■ **Problem**
Your output should match the listing below word for word, without any images.

■ **The data**
· · · · ·
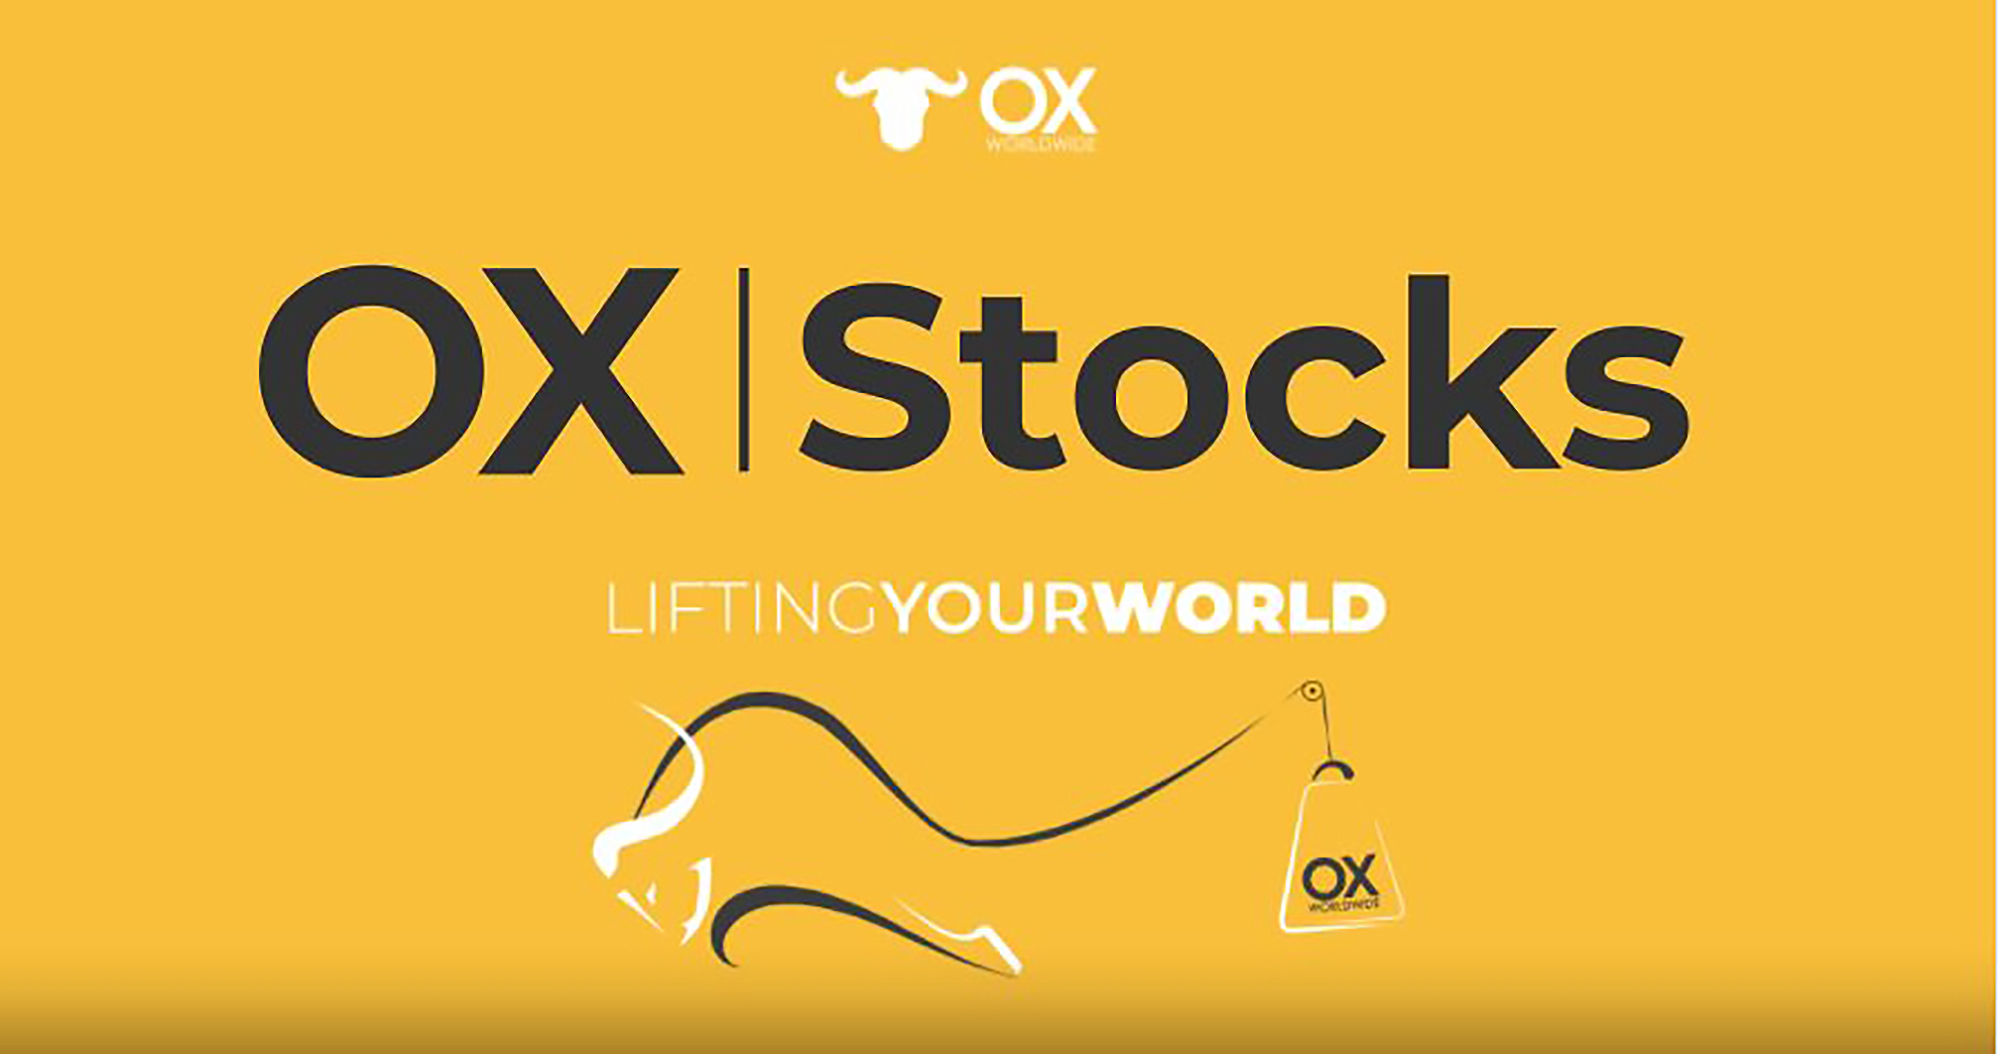 Ox Worldwide Stocks
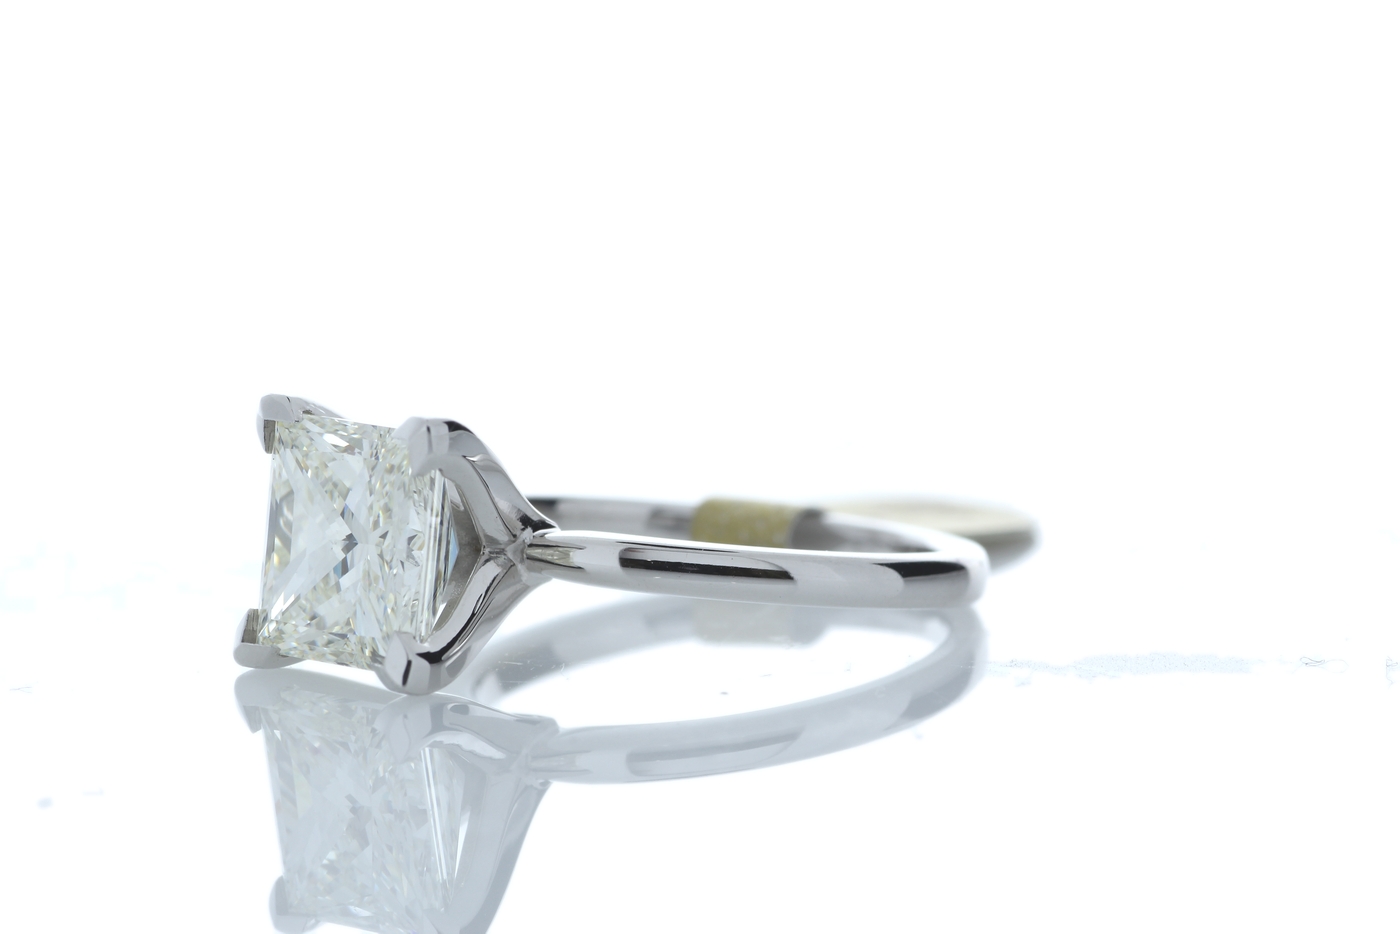 18ct White Gold Princess Cut Diamond Ring 3.09 Carats - Image 2 of 4
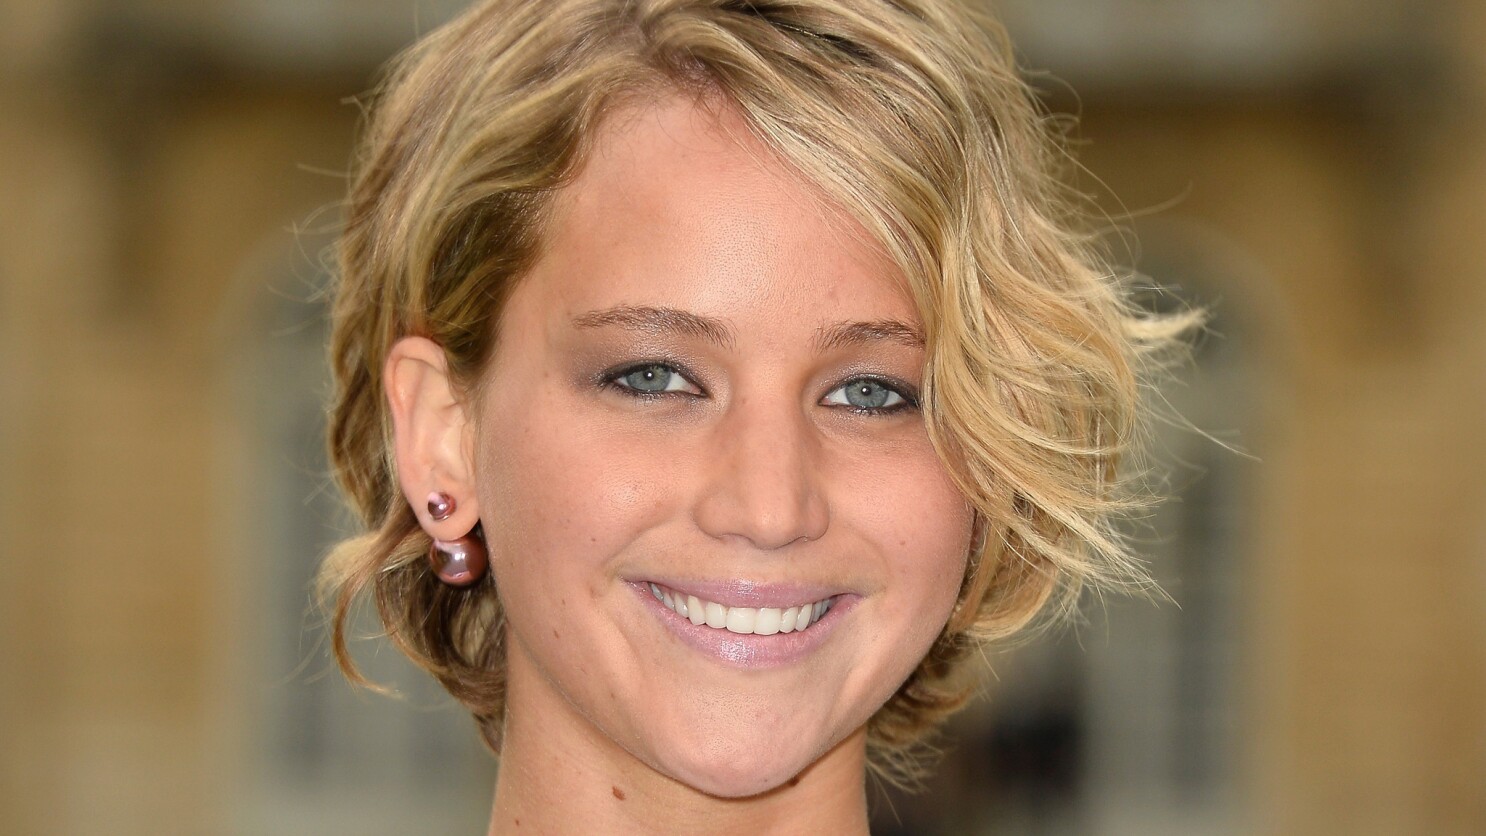 Lawrence photos leaked jennifer Jennifer Lawrence
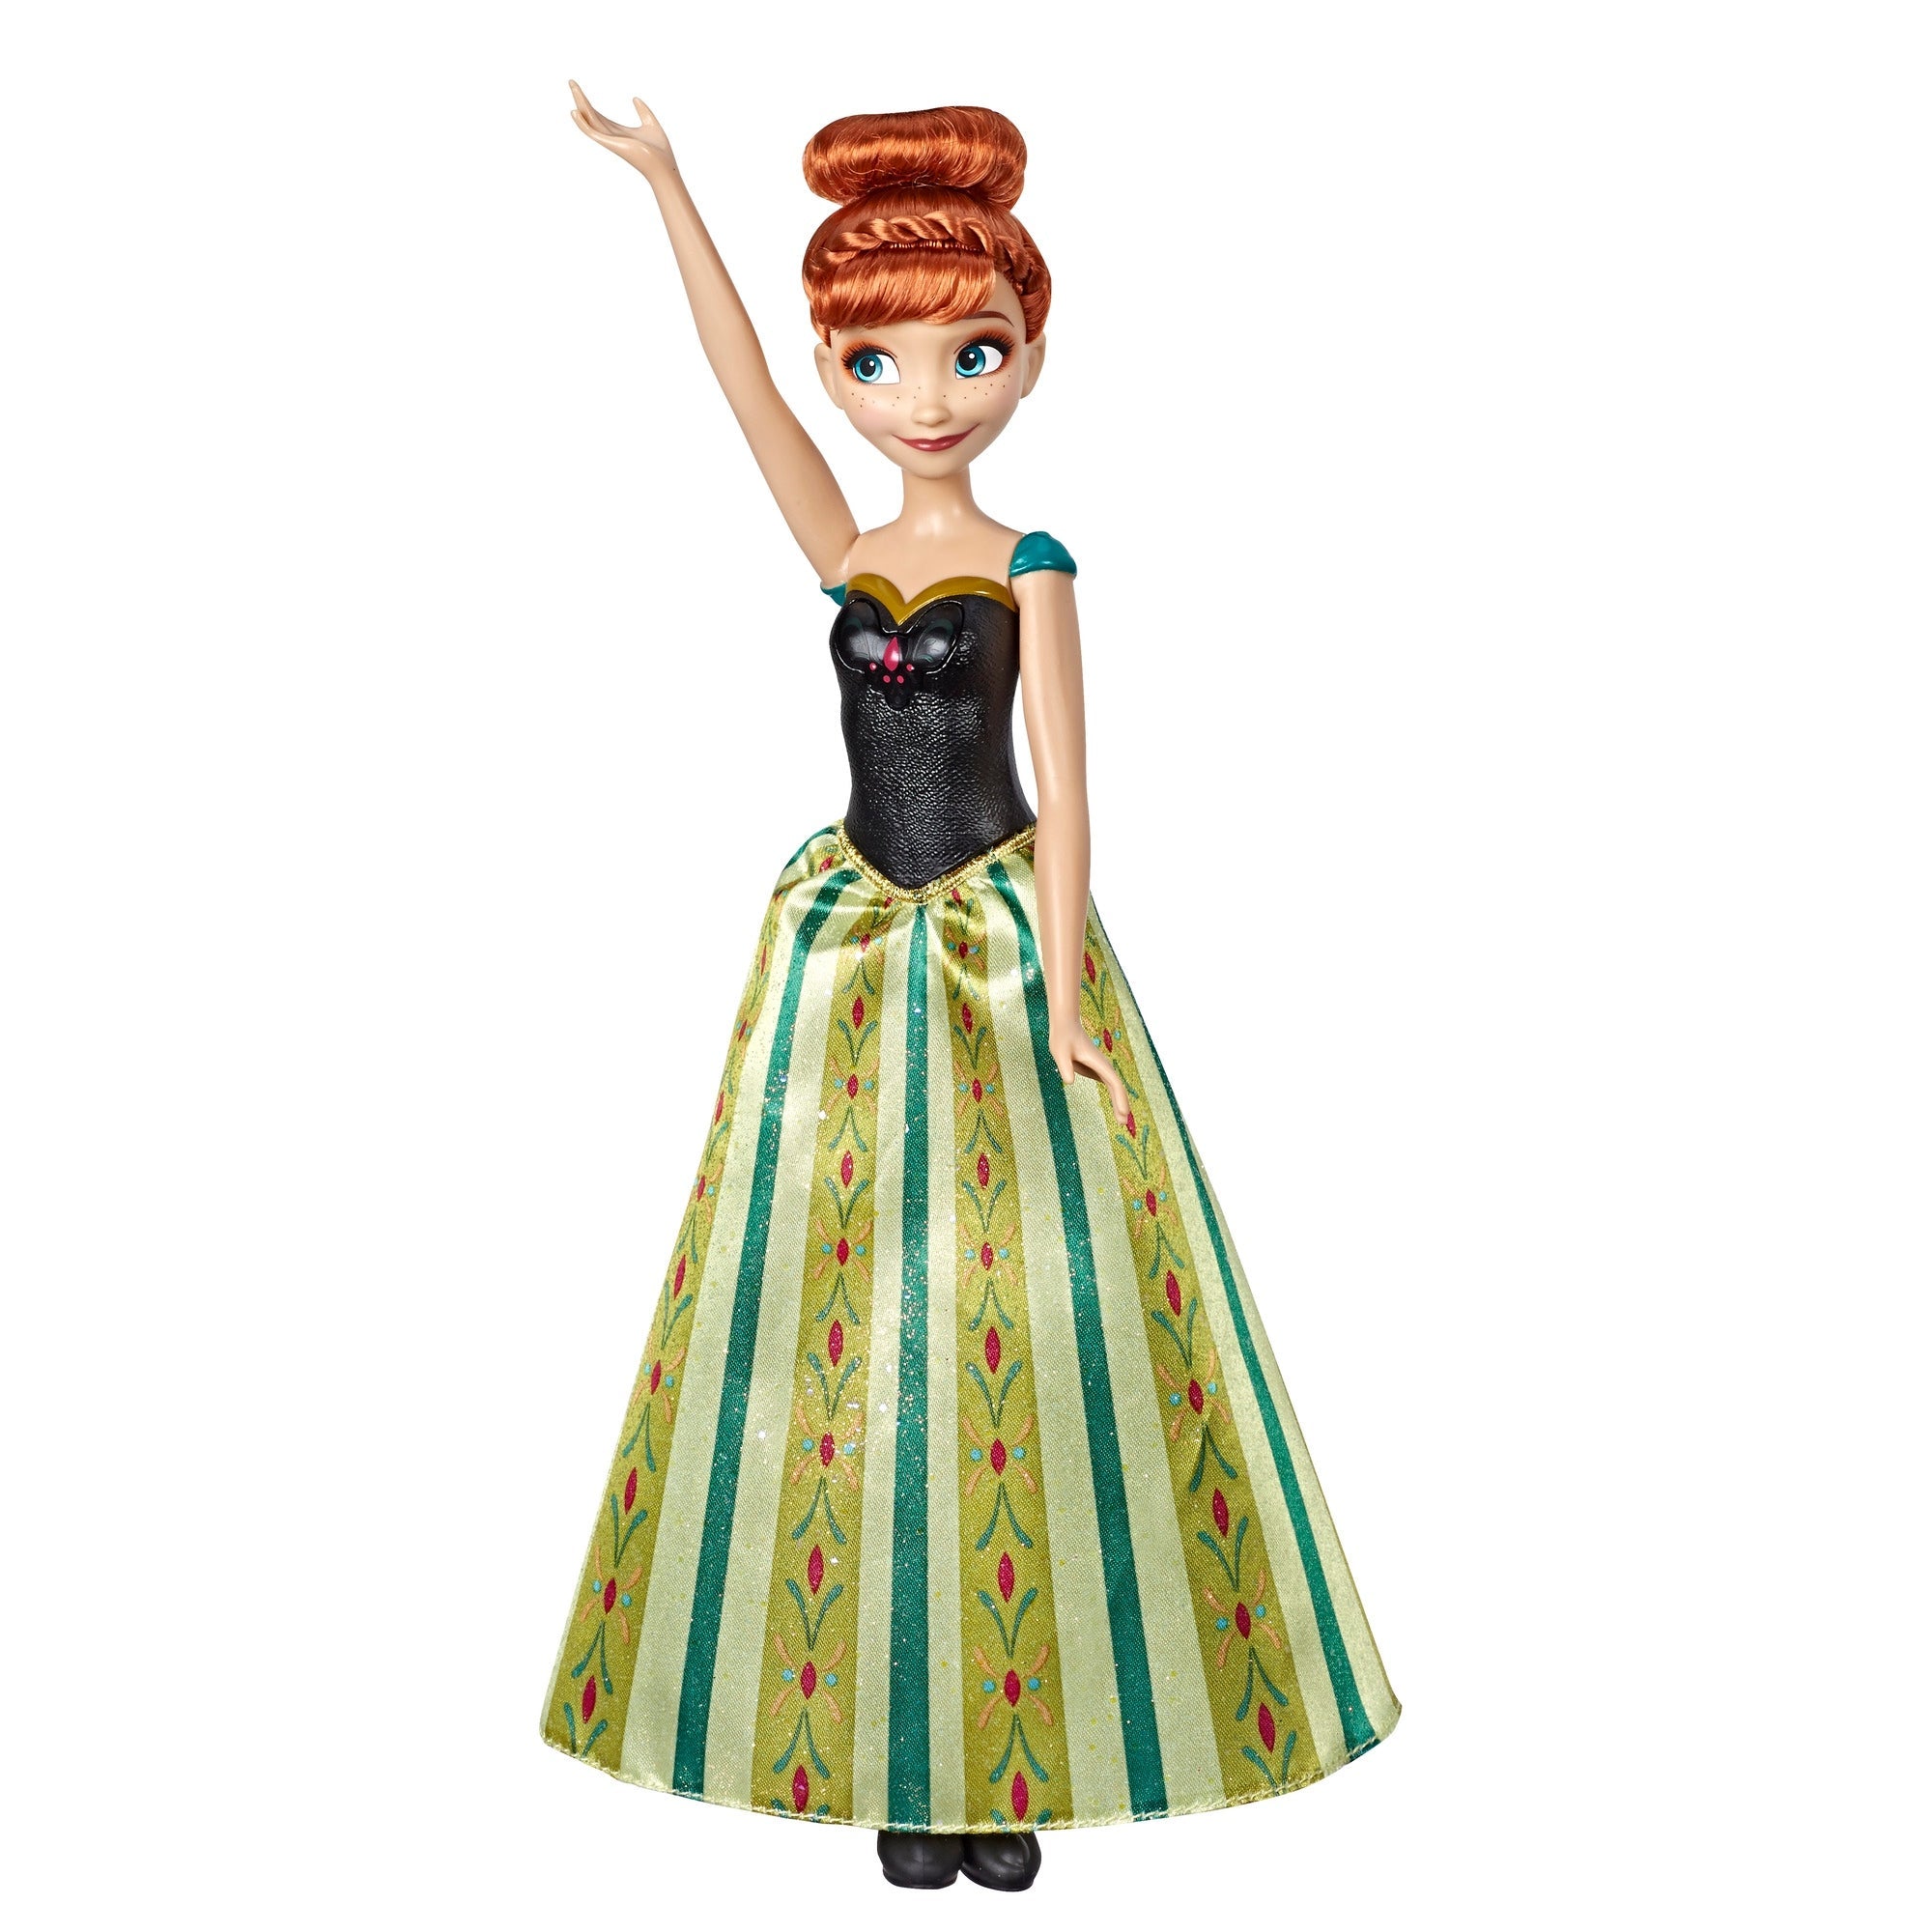 Disney Princess: Frozen Singing Doll
· · · · ·
■ **Response below**
 Ox Worldwide Stocks
 18ct White Gold Princess Cut Diamond Ring 3.09 Carats - Image 2 of 4
 Lawrence photos leaked jennifer Jennifer Lawrence
 Disney Princess: Frozen Singing Doll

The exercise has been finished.